WHAT TO DO: The pictures are to be left out when the listing below is reproduced word for word.

RECORDED INFORMATION:
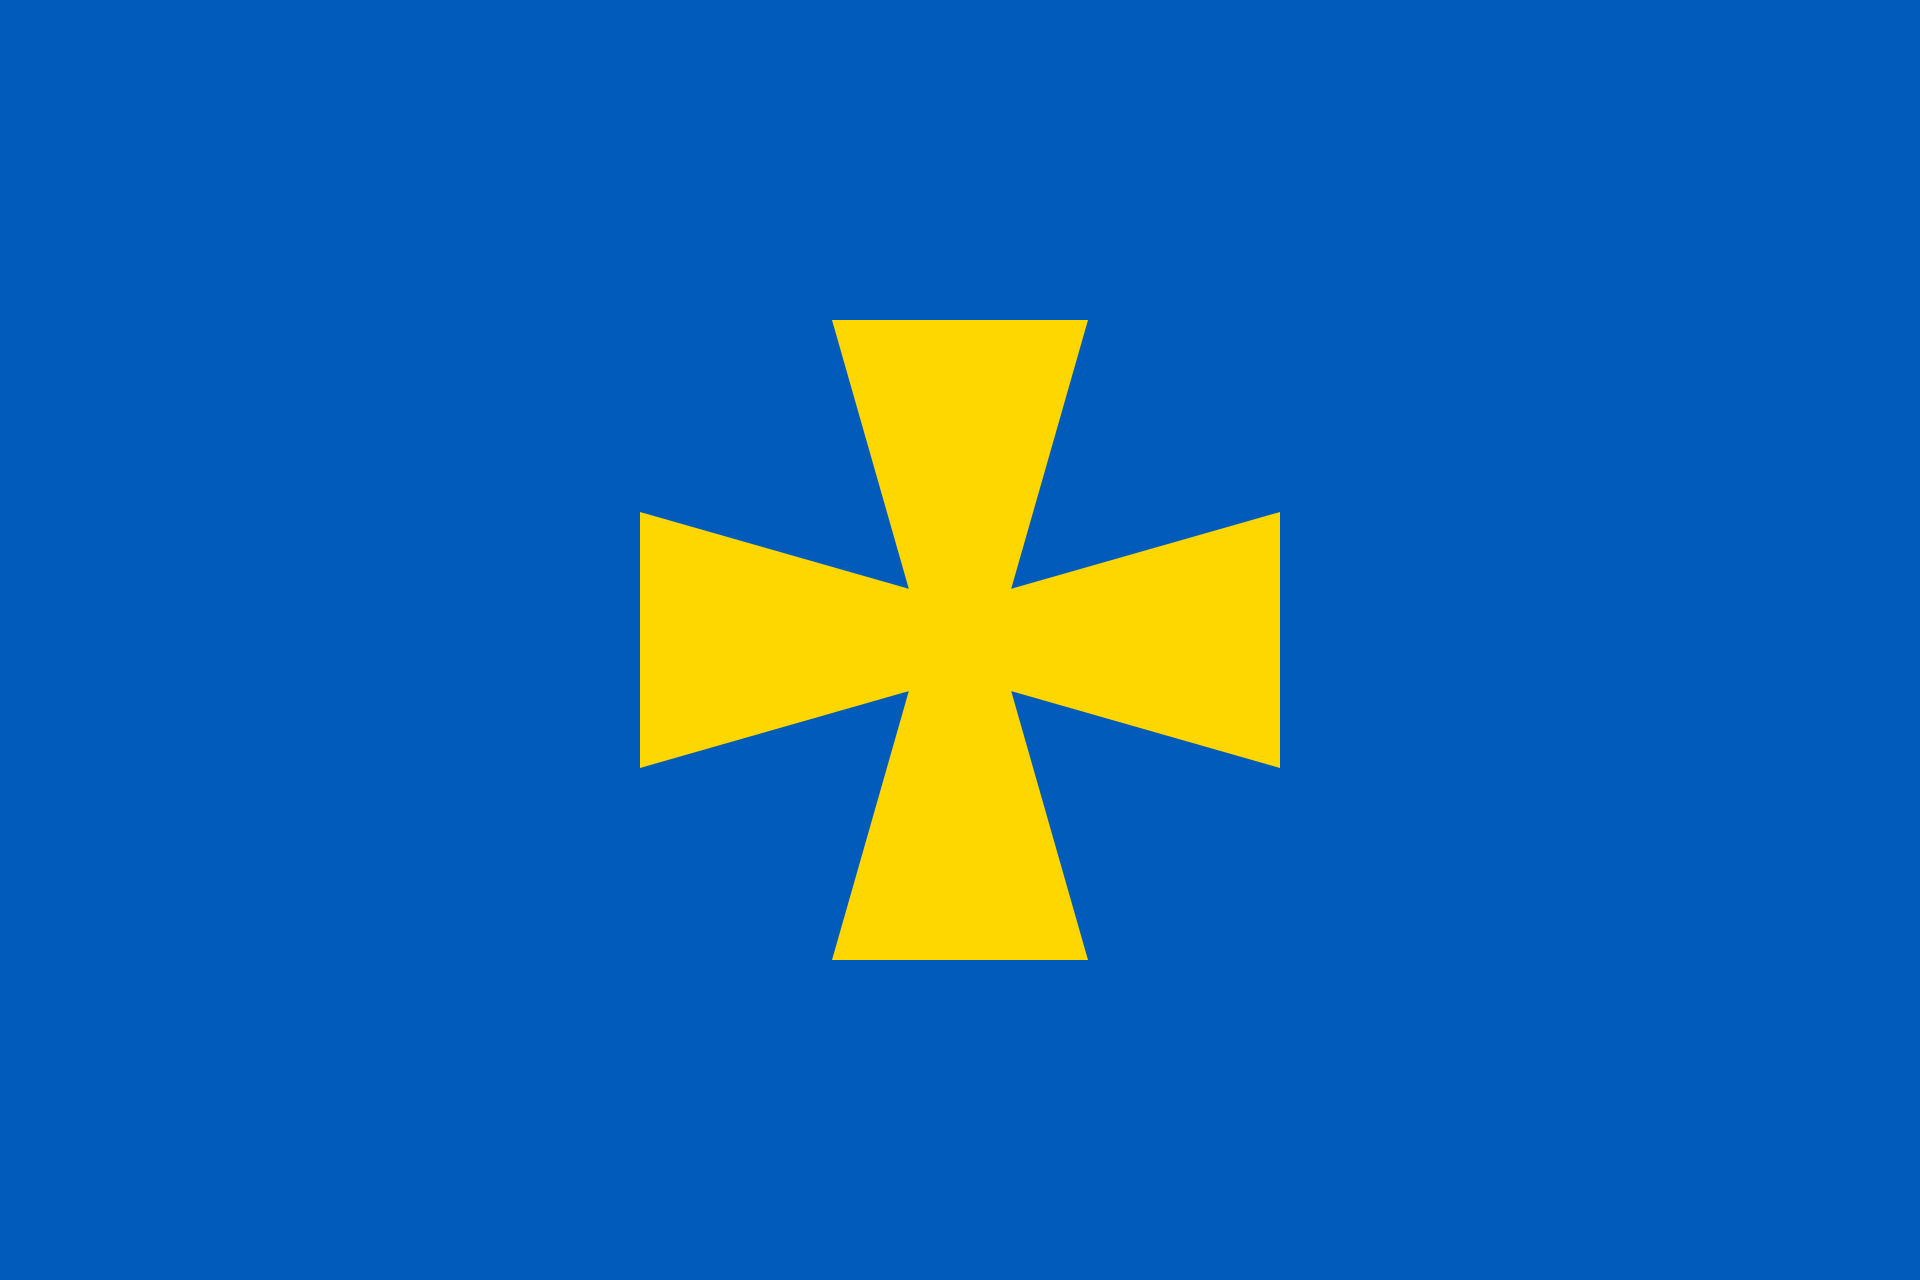 Флаг Полтавской области
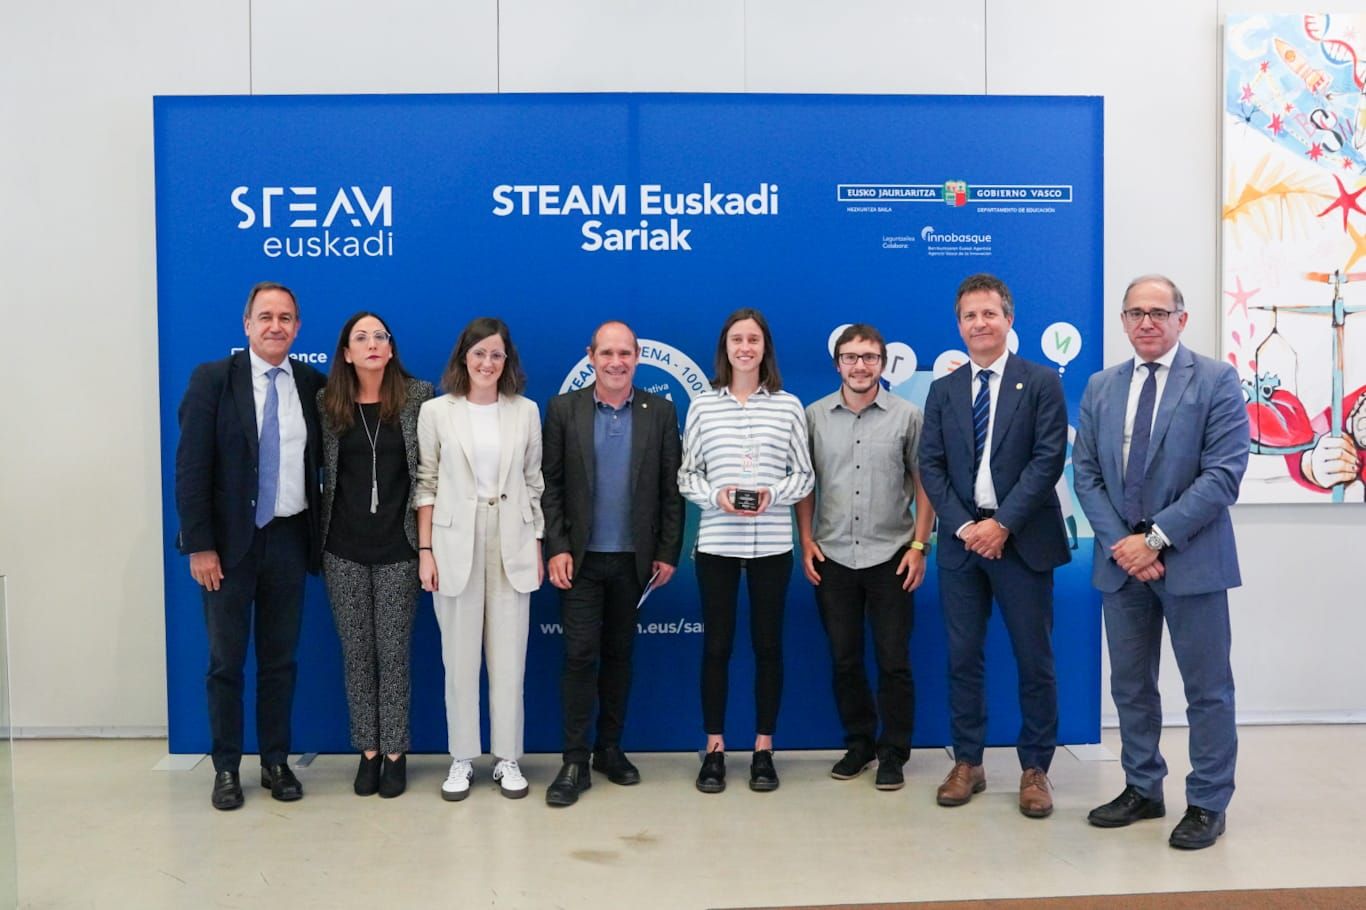 Vicomtech, Mondragon Unibertsitatea e Ikaslan Gipuzkoa reciben el segundo premio en los premios STEAM Euskadi con su proyecto en común: STEMotiv
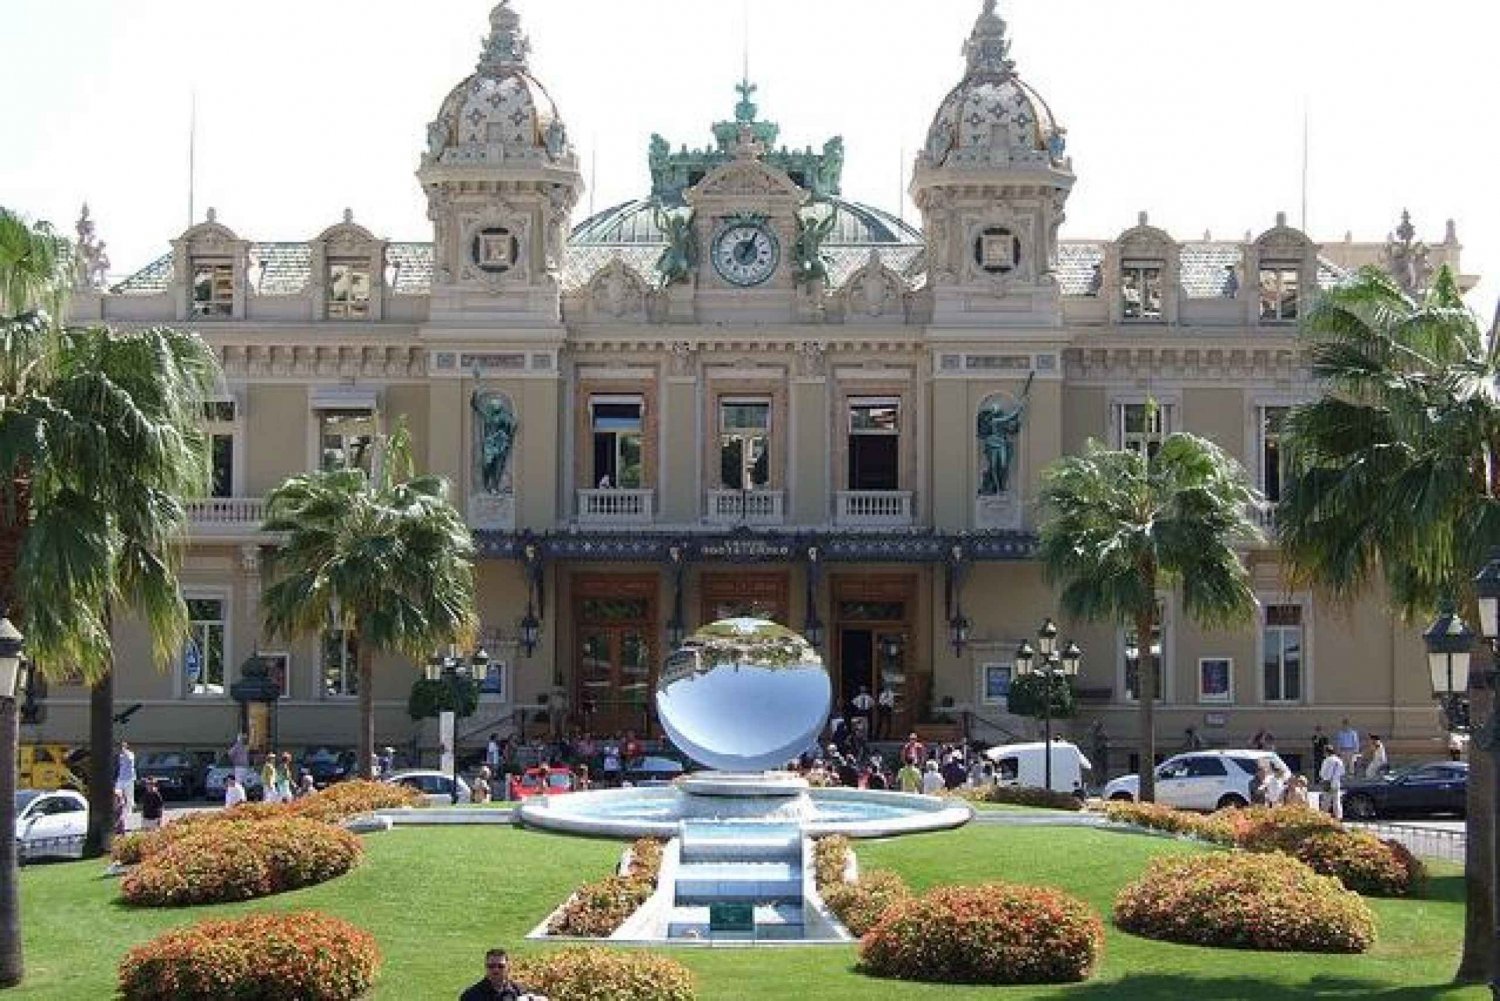 Au départ de Villefranche : Excursion privée à Monaco et Eze

SOLUTION:
 Флаг Полтавской области
 Vicomtech, Mondragon Unibertsitatea e Ikaslan Gipuzkoa reciben el segundo premio en los premios STEAM Euskadi con su proyecto en común: STEMotiv
 Au départ de Villefranche : Excursion privée à Monaco et Eze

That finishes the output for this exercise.